CREATE TABLE `person` (
`ssn` bigint(20) unsigned NOT NULL DEFAULT '0',
`fav_color` char(10) DEFAULT NULL,
PRIMARY KEY (`ssn`)
)
Let's say the only read query I want to do is selecting fav_color
for a contiguous range of ssn
. Let's assume ssn
is globally unique.
Unfortunately the order in which I add people to this table is random WRT their ssn, and so the clustered index would become fragmented, right?
Well, to solve that, I could change to this:
CREATE TABLE `person` (
`person_id` int(10) unsigned NOT NULL AUTO_INCREMENT,
`ssn` bigint(20) unsigned DEFAULT NULL,
`fav_color` char(10) DEFAULT NULL,
PRIMARY KEY (`person_id`),
UNIQUE KEY `ssn` (`ssn`,`fav_color`)
)
I made the ssn
key a covering index because I want "USING INDEX" when I select fav_color
on a range query of ssn
.
So now the clustered index is nice and non-fragmented, but my secondary index will still be fragmented, right?
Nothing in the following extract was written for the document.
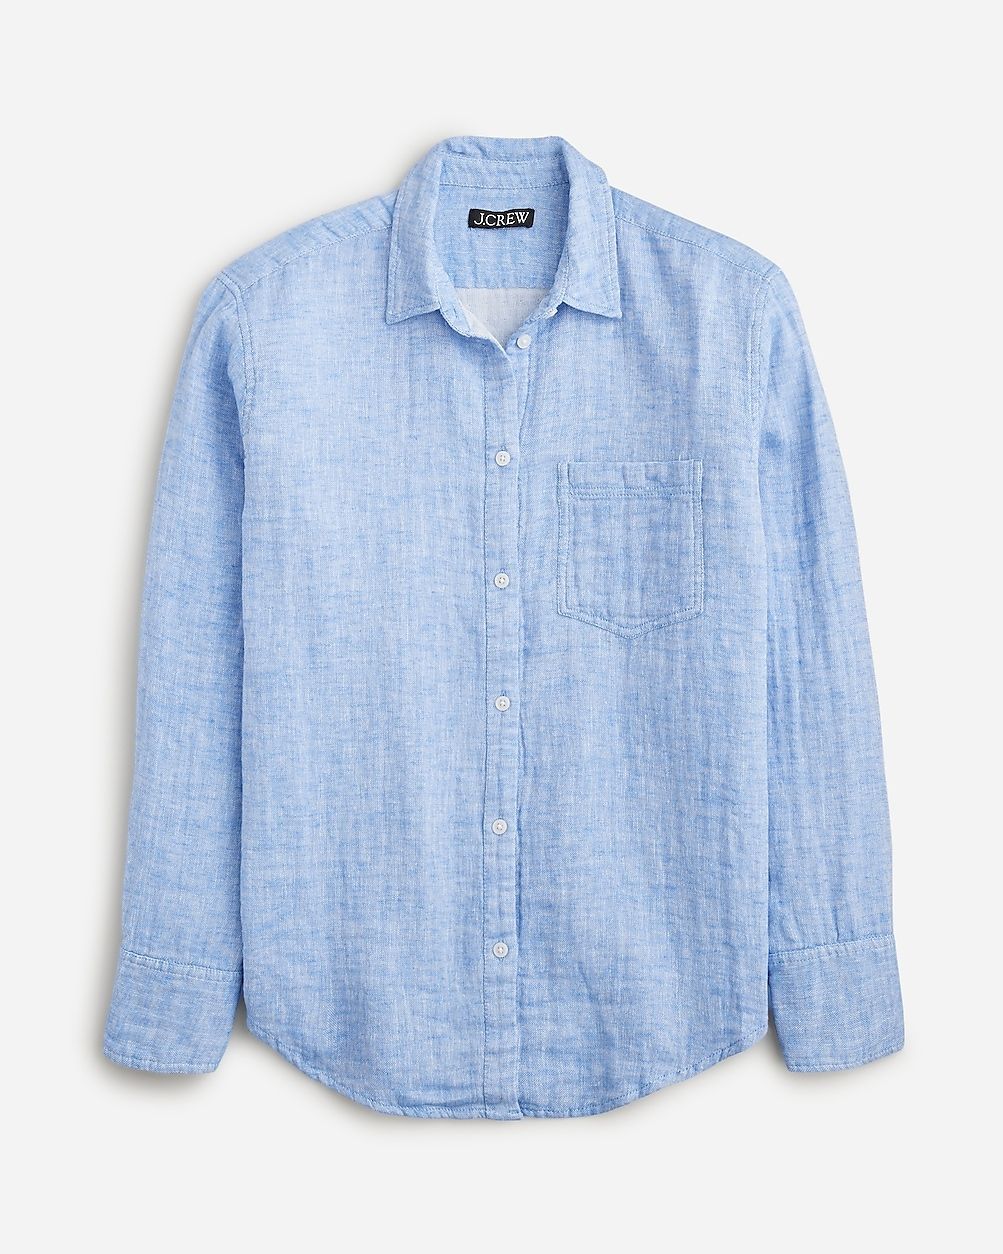 Garçon classic shirt in cotton-linen blend gauze | J.Crew US

And that's all that will matter for reads since I'm USING INDEX. So as a novice, I don't know why having a non-fragmented PK layout helps much here.
And remember, I only care about doing retrieval on ranges of ssn
.
So can we analytically say whether one is likely preferable to the other for space/speed reasons? I imagine the latter would use more space?
Or would it just require an empircal benchmark?